Greg Scheckler wrote:
Fred, do you actually have the data to support these claims???
Fred, do you actually have the data to support these claims???
I can't speak for Fred, but I'll tell you what I think about it.
My suspicion is that you're just making up some false demons. If you have the data, why not post it here or with ARC? To demonstrate that most universities actively sabotage classical realist ideas, or most enforce other art ideals, or most don't have adequate curricula, etc., you'll need to establish national and international data. A lot of people certainly are angry about various kinds of art, or even their own lack of training when they were students, but the anger is not proof.
Well, I don't know how I could prove to you that when I was in school I was begging to learn good skills in drawing, painting, and sculpting and was told that such concerns were foolish and were proof that I "didn't get it" and that there was something seriously wrong with me if I didn't love John Cage, Picasso, and Pollock, but I assure you that it did happen. They kept hidden from me any information about Brahms, Mahler, Parry, Rachmaninoff, Bouguereau, Leighton, and Gérôme too, and I didn't discover them except in bits and pieces in my early experiences if at all on my own, and I can't exactly prove that to you either, but that happened too.
Don't you think you would convince more people by showing verifiable data than otherwise? (I know, the data won't work as marketing -- it can be dry and dull -- but it's what you need to get beyond the sales pitch).
Where in the world would one come up with such a comprehensive batch of data other than through a lengthy research project based on information provided by the schools themselves? I don't claim that my own information is some kind of massive telephone book of raw data, but let me put it this way. I have never seen a major university arts curriculum that was remotely adequate, and I get emails constantly from students complaining about the inadequacy of their curriculum and teachers (much like the ones we have seen posted here). I see an endless stream of exhibitions, prizes, articles, and academic papers coming out of universities championing the most idiotic (supposedly) artistic concepts and works, and of the fifty or so recent MFA graduates I have spoken with on artistic topics not one of them has what I would call an adequate grasp of the basics unless they learned it somewhere other than the university. Now, I can't tell you the names of all of the people I have talked to about this or exactly which university curricula I have seen over the years, or the exact number of emails I have received on this topic, etc. but this isn't some academic study with a million dollar budget attempting to verify the obvious, it's my observation of the facts on the ground as I have experienced them. I gather that you think there's something suspect about such observations?

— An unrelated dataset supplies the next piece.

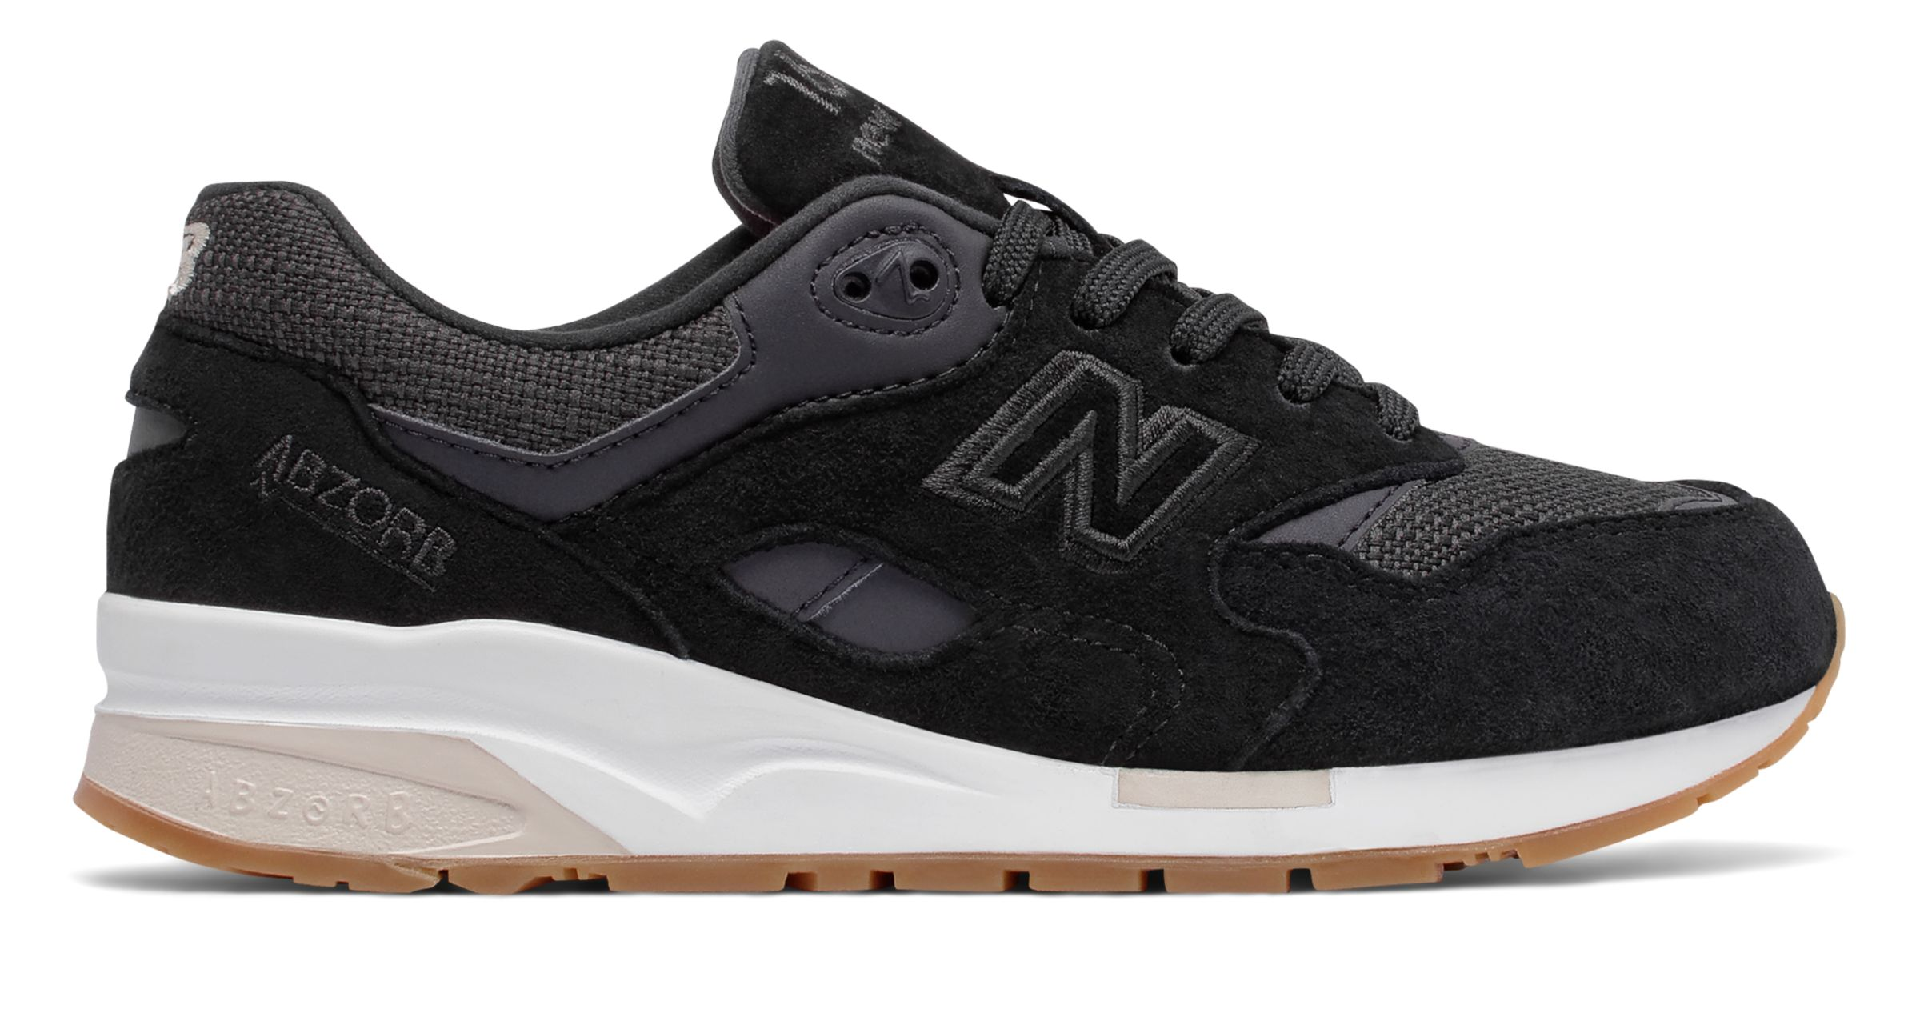 c495b9a11c1 New Balance 1600 Women's Lifestyle Shoes - CW1600CB

But let's say that we stopped putting on salons, stopped running scholarship contests, stopped growing the ARC Museum, and so on and just spent a year collecting the raw data on all of these issues and issued a report. Do you really think that anyone in academia would care? Or that they would do anything about it? I don't.
I bet most professors would listen to the data, and more importantly, the administrators certainly do, especially the economic data (such as what you've hinted at regarding sales of
realist works in the last century, enrollment trends, etc).
Really? You have a far higher opinion of them than I do. I spent quite a number of years trying to reform even a little of the corruption and irrationality out of just one small university and my efforts came to nothing. Yes, I gathered the data. Yes, I made the results perfectly clear. Yes, I was quite diplomatic (I had to be, my grades depended on it), but it accomplished nothing. They are never going to find putting themselves out of a job or admitting mistakes no matter what data you may provide. They'll always find some sophistic self-justification and use their behind the scenes political scheming to stop any change for the better unless it just happens to further entrench them in power.
You seem like a decent fellow with worthwhile things to say and I'm happy to have you here on the list of course, but I am amazed that you can have such a positive evaluation of academia as a whole. Don't you find the dearth of competence and intellect in the universities stifling?